----- DATASET EXCERPT
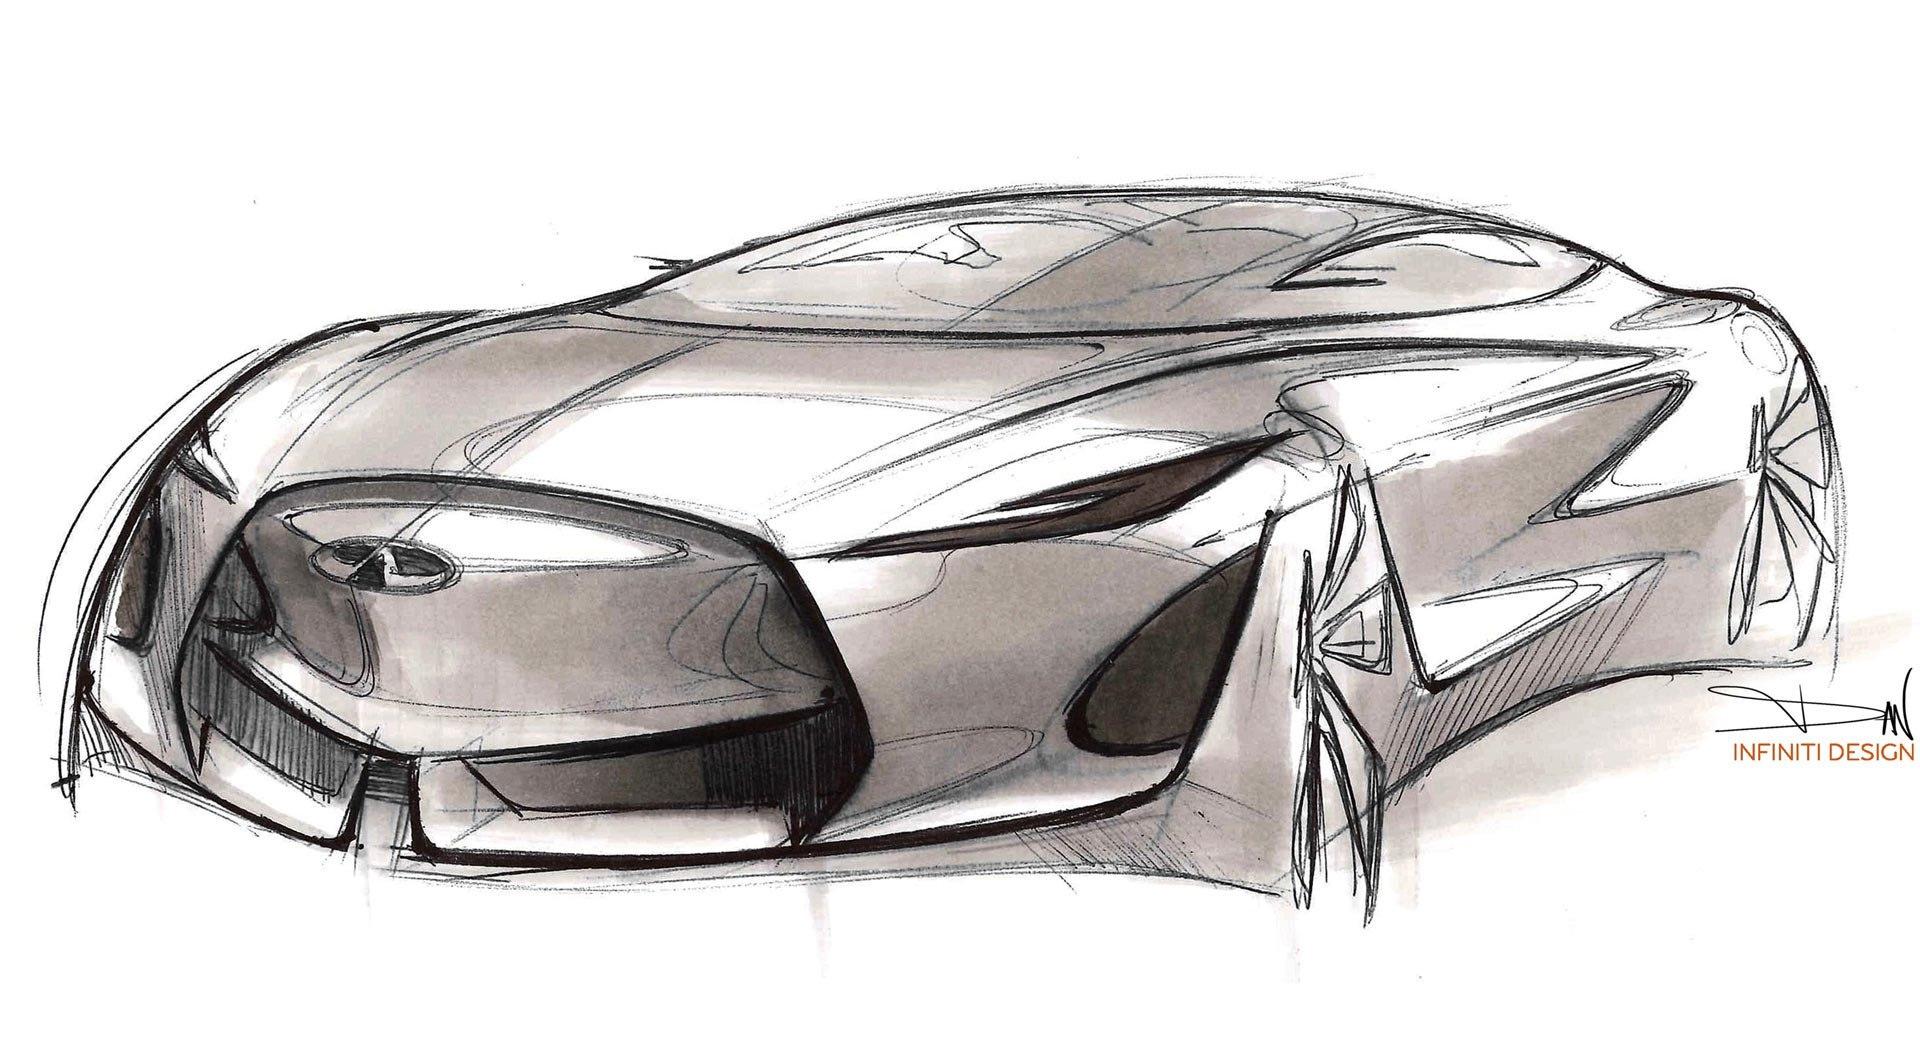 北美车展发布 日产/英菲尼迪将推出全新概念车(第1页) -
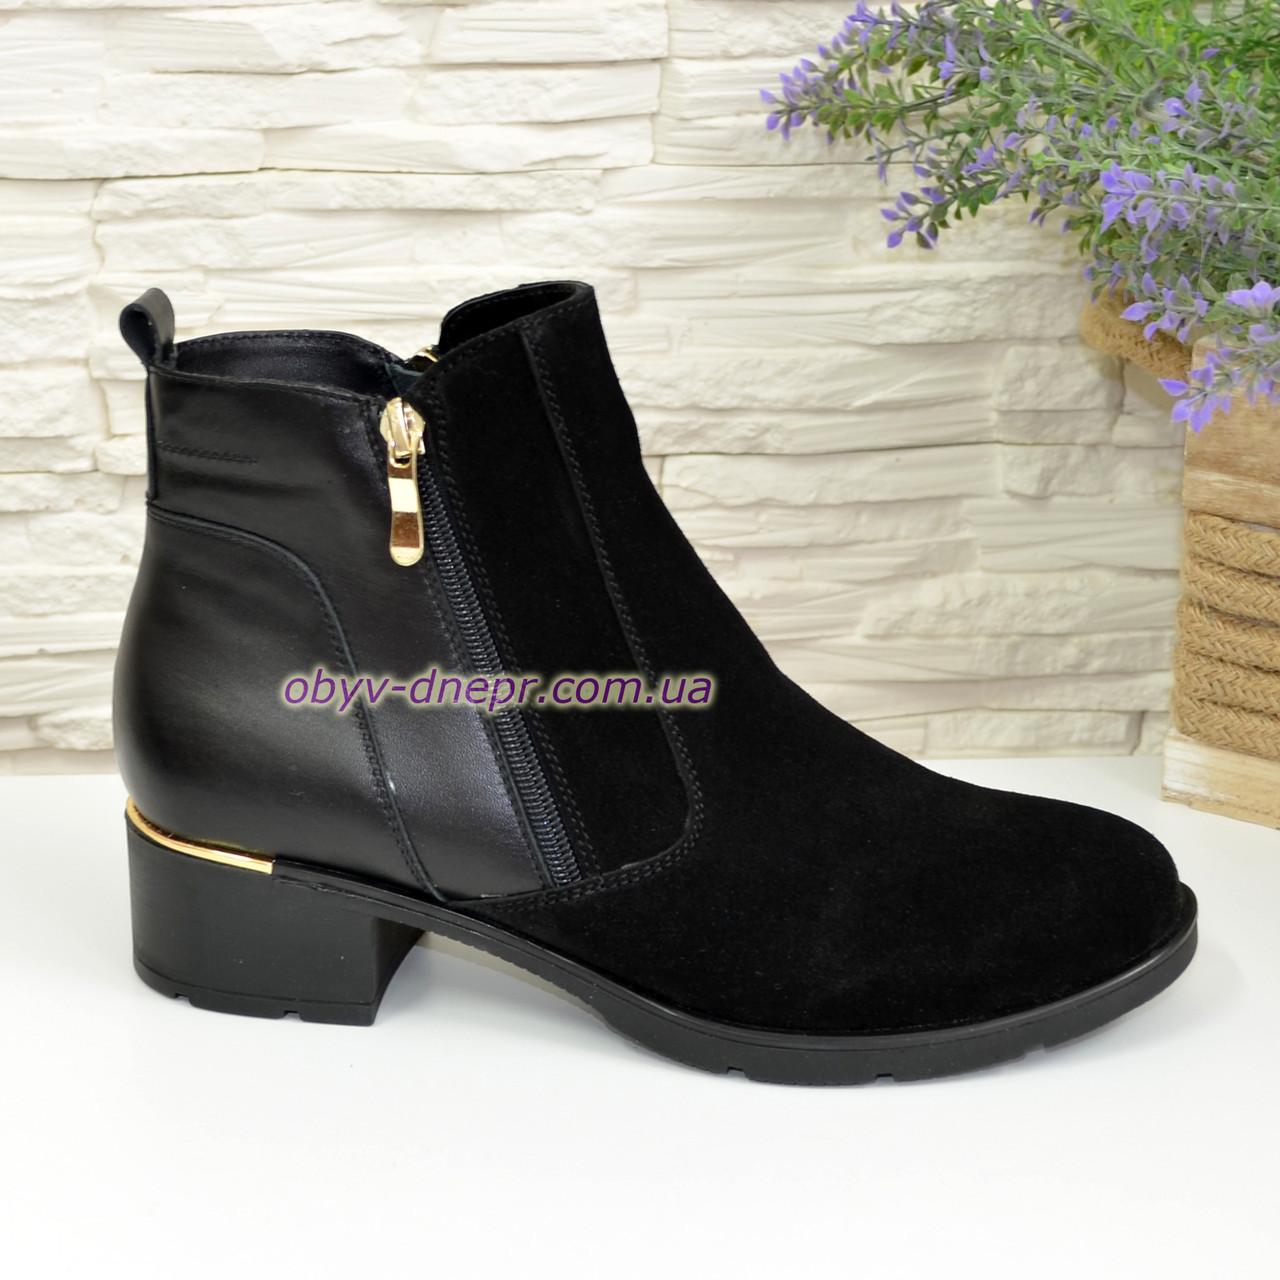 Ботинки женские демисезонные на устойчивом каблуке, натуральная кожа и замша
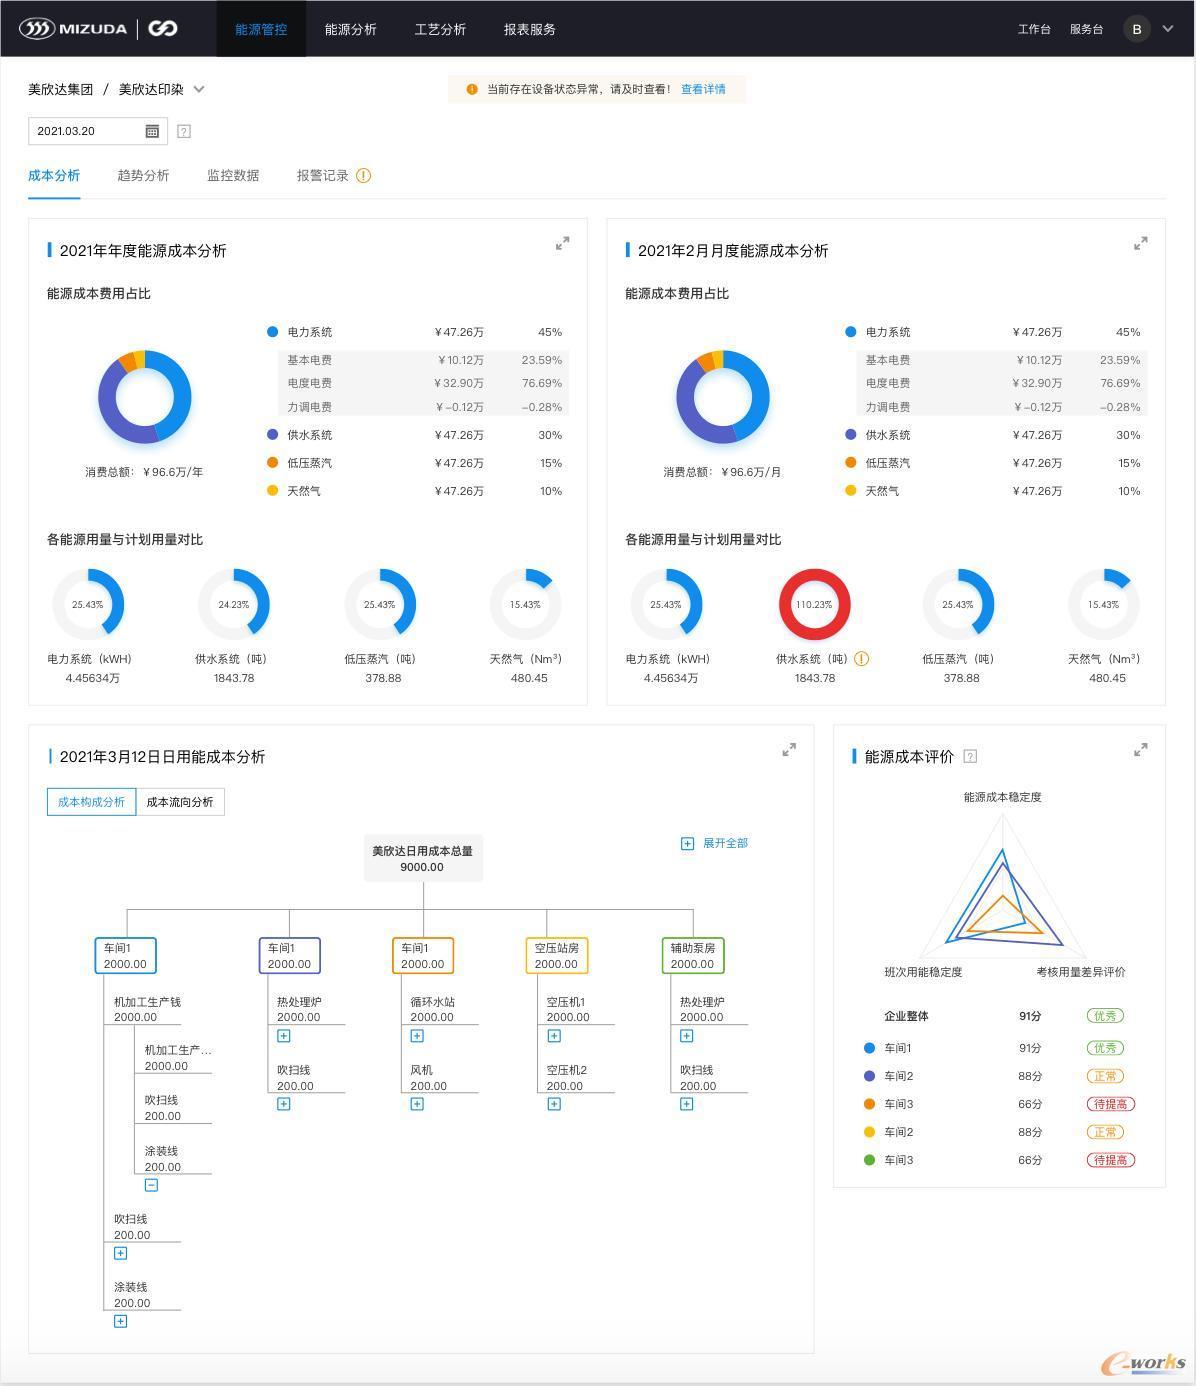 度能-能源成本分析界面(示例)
----------
> [TASK INSTRUCTIONS] Please return the listing above exactly and leave every picture out.

> [YOUR RESPONSE]
 北美车展发布 日产/英菲尼迪将推出全新概念车(第1页) -
 Ботинки женские демисезонные на устойчивом каблуке, натуральная кожа и замша
 度能-能源成本分析界面(示例)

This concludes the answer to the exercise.